The case is Meyers v. City of New York, a summary order issued on April 30. Plaintiffs claim the police violated the First Amendment in ordering them to disperse after they set up tents and lived in the parks. According to the decision, these living arrangements posed a hazard because protesters violated the sanitation laws and people were using gasoline and diesel generators near large quantities of flammable materials.
The case was dismissed, and the Court of Appeals keeps it that way. The police had probable cause to arrest the plaintiffs for disorderly conduct after they refused to leave the park. "The City had a legitimate interest in ensuring that the Park remained accessible to all members of the public -- most just the protesters -- and free of congestion." The City also had a legitimate reason to clear the Park of unlawful structures. While disorderly conduct requires proof that the public may be inconvenienced, "even in the early morning, it was entirely reasonable for the arresting officers to assume that nearly 150 protesters refusing to leave a public area in downtown Manhattan would risk 'public inconvenience."

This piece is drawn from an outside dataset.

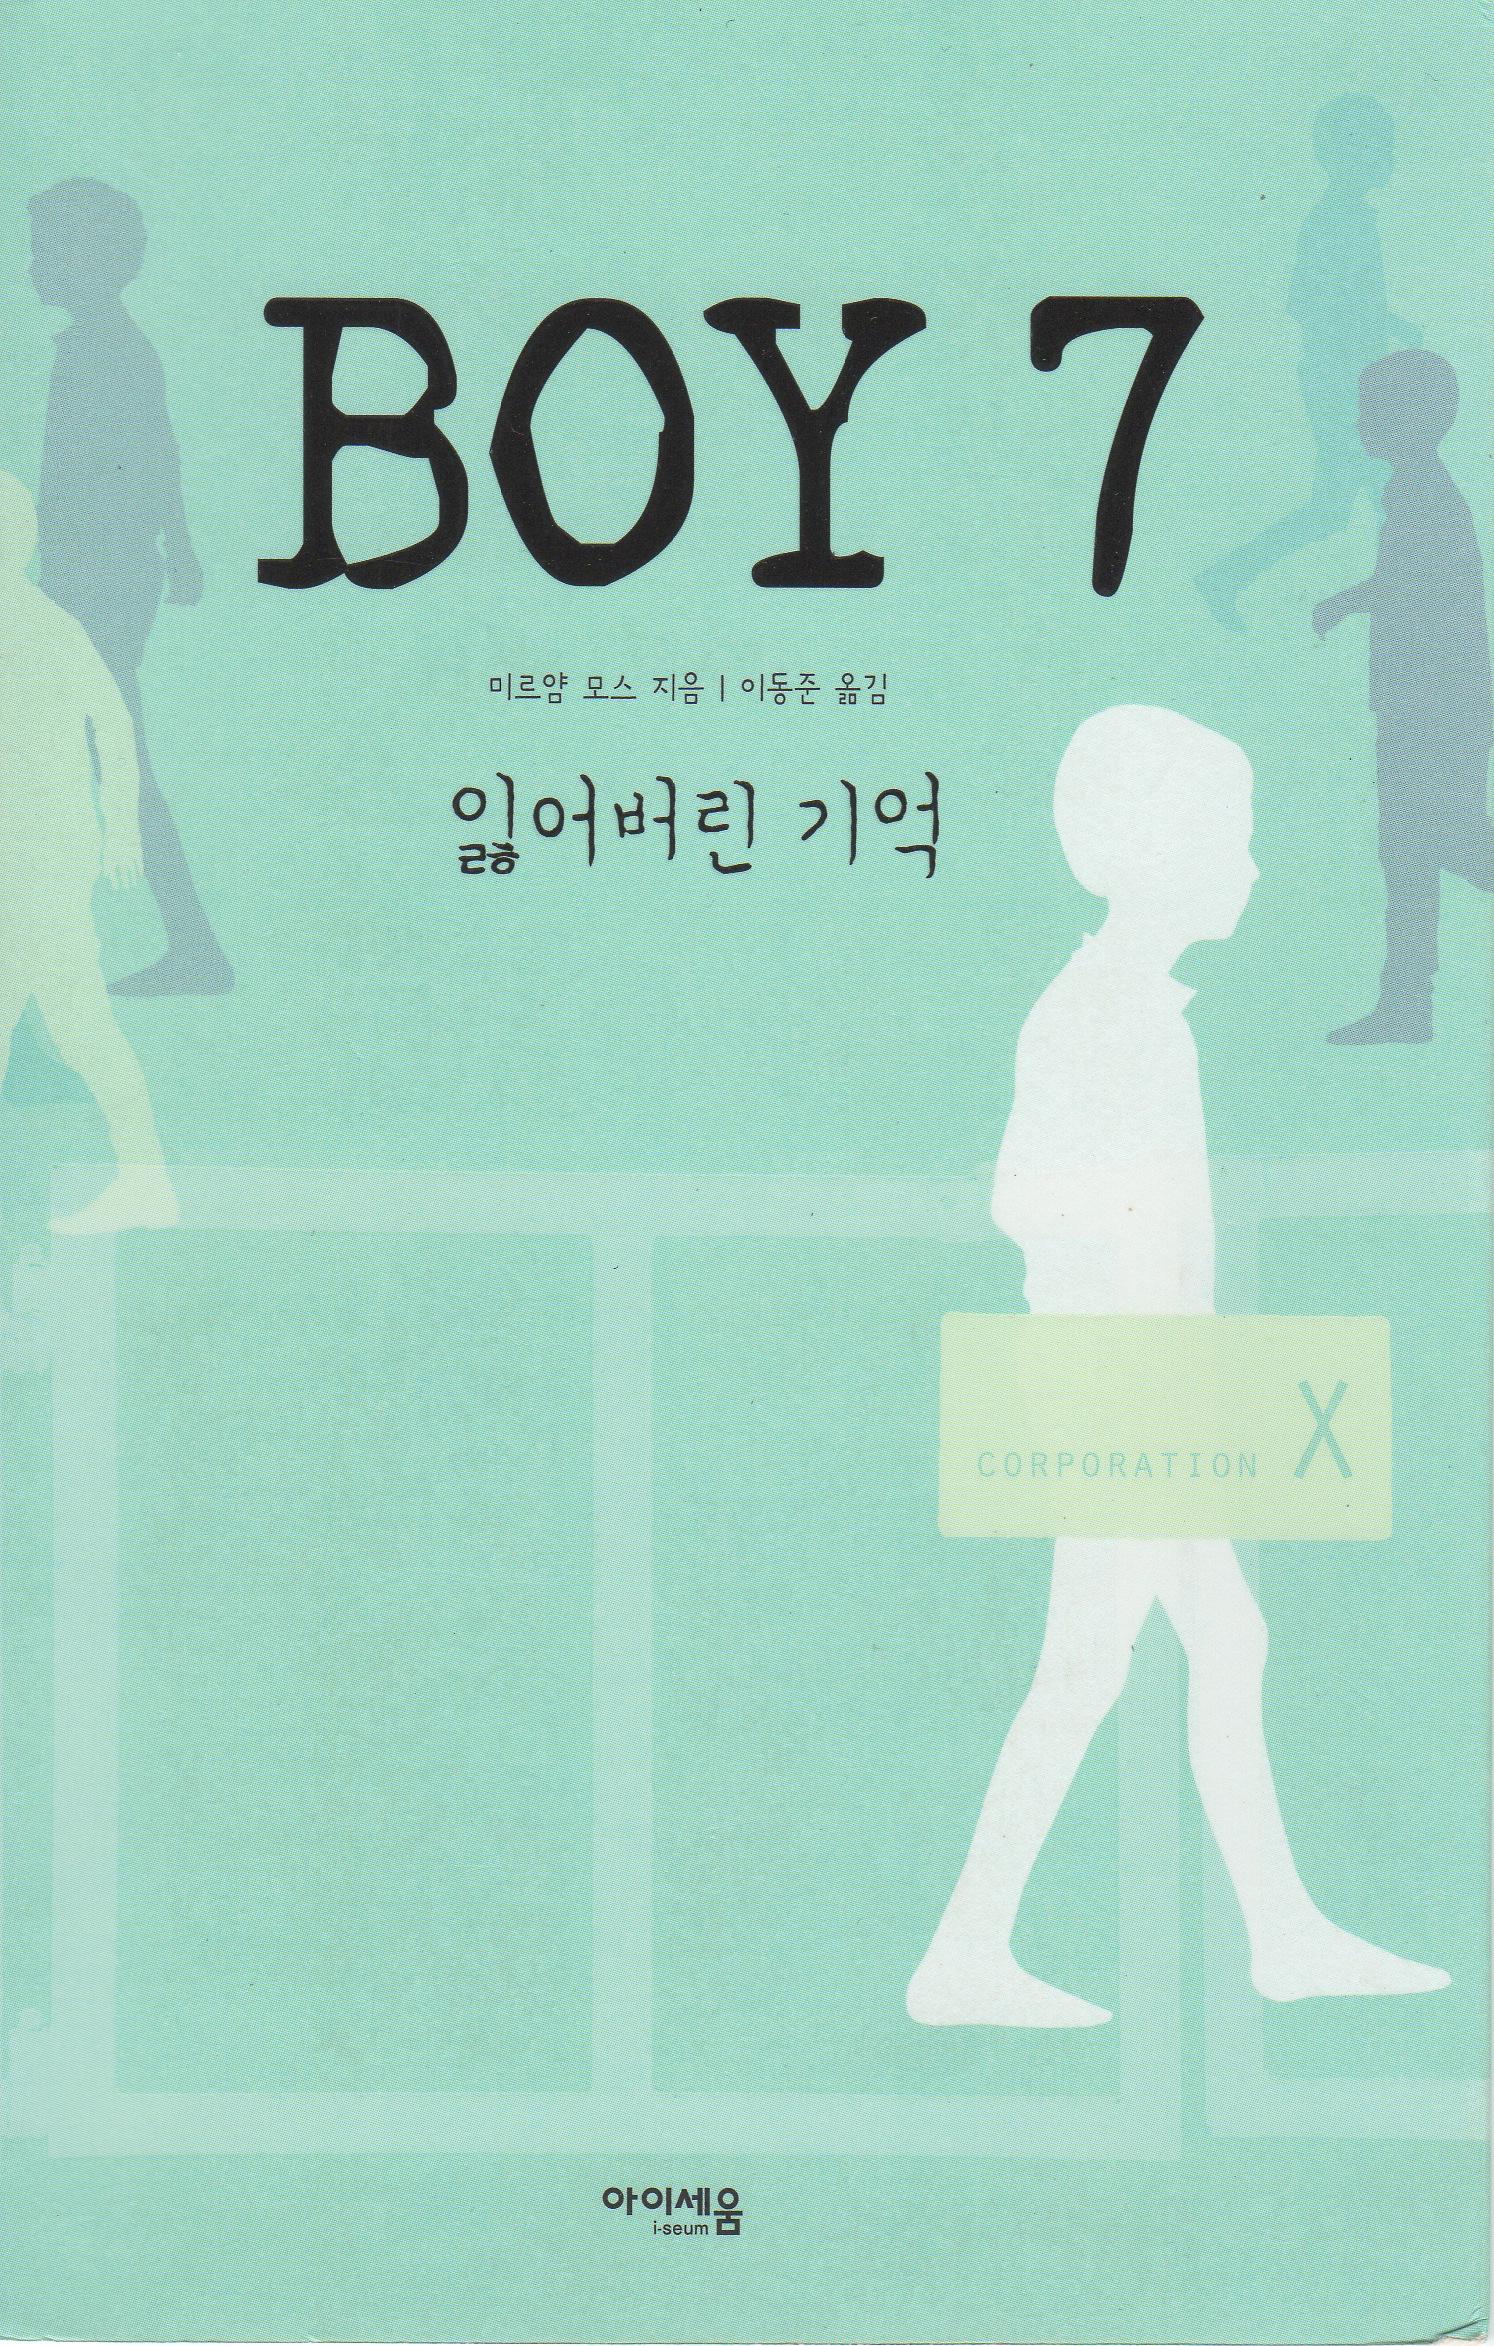 Boy 7 – Koreaans

Plaintiff also claim they suffered a retaliatory arrest. To win this claim, they have to get around the "time, place and manner" rules that allow the police to throw people out of a public forum if the directive is content-neutral, narrowly tailored to serve a significant governmental interest and allows the protesters "ample alternative channels of communication." This stems from Supreme Court authority that, in my experience, gives the government significant leeway to regulate public spaces. Plaintiffs lose on this claim because the eviction was not based on content, even if the protesters were the only ones who were actually kicked out. The order also promoted significant governmental interests in preventing mounting fire hazards and congestion. As for the ample alternatives, "the protesters were free to exercise their rights in any other public area within the vicinity of the Park (or even to return to the Park after it was cleaned").